After college, Wammack finally felt ready to move to Nashville – where her writing skills quickly earned her seven publishing deal offers (because of her longstanding connection with Jim Catino, she chose to go with Sony). Her first single, “Damage” (which she co-wrote with Tom Douglas and David Hodges), came from her self-titled debut EP, released in 2018.
Wammack’s biggest break so far came last year, when she opened for Rascal Flatts for a few shows.

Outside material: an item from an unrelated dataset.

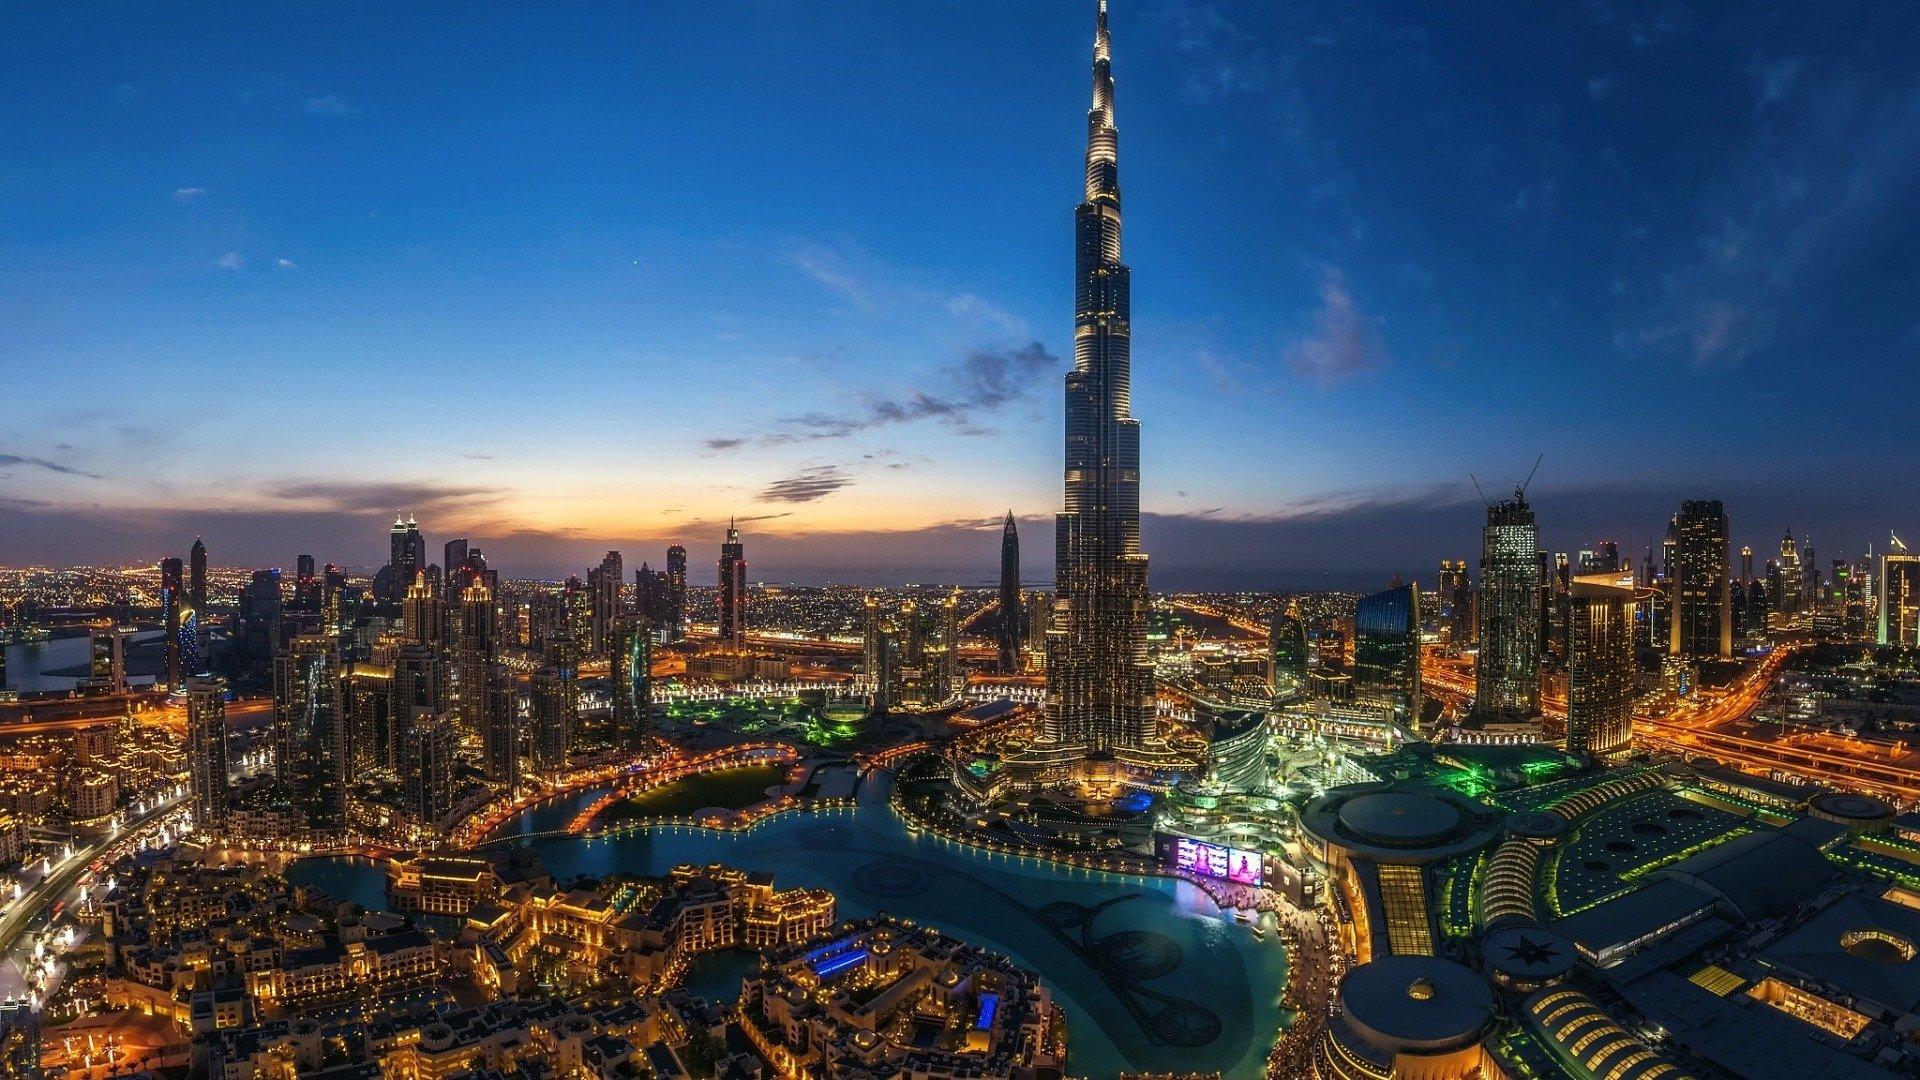 Night Lights In Dubai Wallpaper - Burj Khalifa Night 4k , HD Wallpaper & Backgrounds

After watching her performance, the band invited her to be the featured singer on their track “Quick, Fast, in a Hurry,” from their EP How They Remember You (released on July 31). “I still can’t believe it!” Wammack says about being chosen as for this duet.
Recording “Quick, Fast, in a Hurry” was, Wammack says, quite a surreal experience for her. “When I went into the studio, Gary [LeVox] had already put his vocals down. When I put the headphones on, I could hear his vocal and I was like, ‘How in the world did I get here, and how am I going to keep up with this guy? He’s a vocal legend in Nashville!’ I was just so blown away that I had this opportunity. It was the most fun I’ve had in the studio.”
Now, building on the momentum she’s creating with both “Quick, Fast, in a Hurry” and “What He Does,” Wammack says she’s been busy writing a lot more music. “I’m very excited about some music I’ve been doing during this time, and excited to get into the studio again and give some more music to the fans,” she says.
But first, Wammack plans to enjoy her current vacation, especially because it coincides with her one-year wedding anniversary, which happened just a couple of days before this phone call. “I’m really thankful to be living this new chapter of life,” she says, adding that the she and her husband recently upped their happiness even more when they adopted a labradoodle puppy. “He’s been our little blessing, too. We just feel like we’re a little family.”
Soon, Wammack will head back to Nashville to start working again – but it’s something she’s looking forward to doing, because she’s doing things on her own terms. “I’m really thankful that my team at Sony loves me for the Alabama girl that I am, and wants me to write my true story. I’m so thankful I get to do this for a job because I don’t think I could do anything else,” she says.
Wammack also plans to resume the weekly livestream shows that she began when the pandemic quarantine kicked in. She says she tries not to fret about playing shows like this instead of the opening slots she’d originally had planned this year with Reba McEntire and Rascal Flats. Instead, she says, “I’m trying to be present and live in the moment and be thankful for the stillness in this time and take it for what it is. I’m loving doing my livestreams, and I’m thankful I get to connect with [audiences] and play for them. People say this is the highlight of their week, and that’s good enough for me.”
This fits in with Wammack’s current philosophy about her craft: “Music is supposed to be either of two things: it should meet people where they are, or it should lift them up,” she says. It seems likely that the happiness that she exudes in “What He Does” will be as uplifting for others as she hopes.